Hezy Shaked, a former Israel Navy officer, and his wife, Tilly Levine, opened "World of Jeans and Tops" in Los Alamitos, California in 1982. Shaked later renamed the store "Tilly’s" after his wife. The couple divorced in 1989, but Levine continued to work for the company as director of vendor relations. The company went public in May 2012, raising $124 million through its initial public offering of stock.

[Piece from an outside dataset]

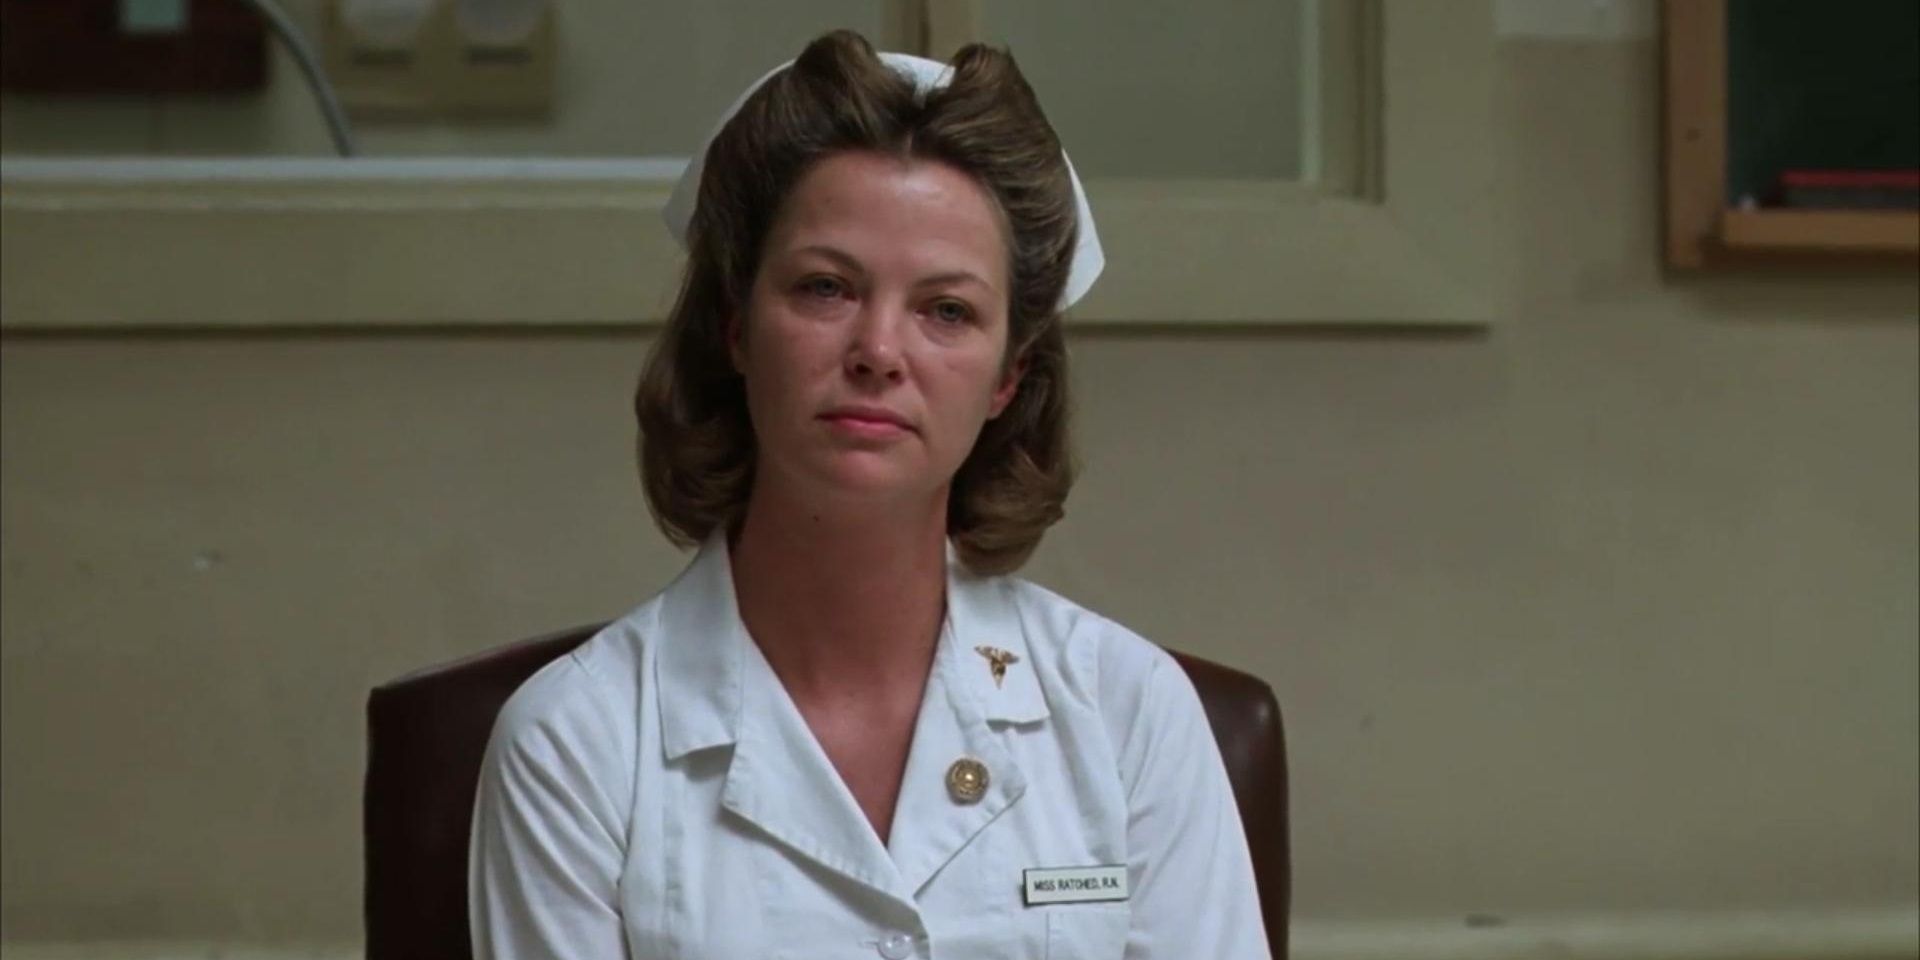 Nurse Ratched in One Flew Over the Cuckoo's Nest

Tilly's underwent a significant operational turnaround through strategic store optimization, closing 28 underperforming locations gradually over a two-year period spanning from early 2024 through the first half of 2026, to reduce its brick-and-mortar footprint by 11%. Despite operating fewer storefronts, the retailer reported improved financial performance for the first quarter of fiscal 2026, with total net sales rising 15.9% to $124.7 million. This growth was driven by a 12.1% increase in physical store revenue and a 30.9% surge in e-commerce sales, which grew to represent 22.8% of the company's total business.

==Stores==
Tillys stores are located in both traditional outdoor shopping centers and in shopping malls. The average store size is 7900 sqft. Due to their size, Tillys locations in malls usually take up two or three store spaces. As of 2021, Tillys operates 240 stores in 33 states.

==Brands==
Tillys primarily sells clothing, shoes, and accessories for various active lifestyles including surfing, skateboarding, and snowboarding along with sports such as motocross. Among the brands sold are Adidas, Billabong, DC Shoes, Element, Fox, Famous Stars and Straps, Elwood, Hurley, Nike SB, O'Neill, Quiksilver, RVCA, Vans, and Volcom, as well as an extensive selection of Levi's. They also sell store brands such as Blue Crown, RSQ, Micros, and West of Melrose.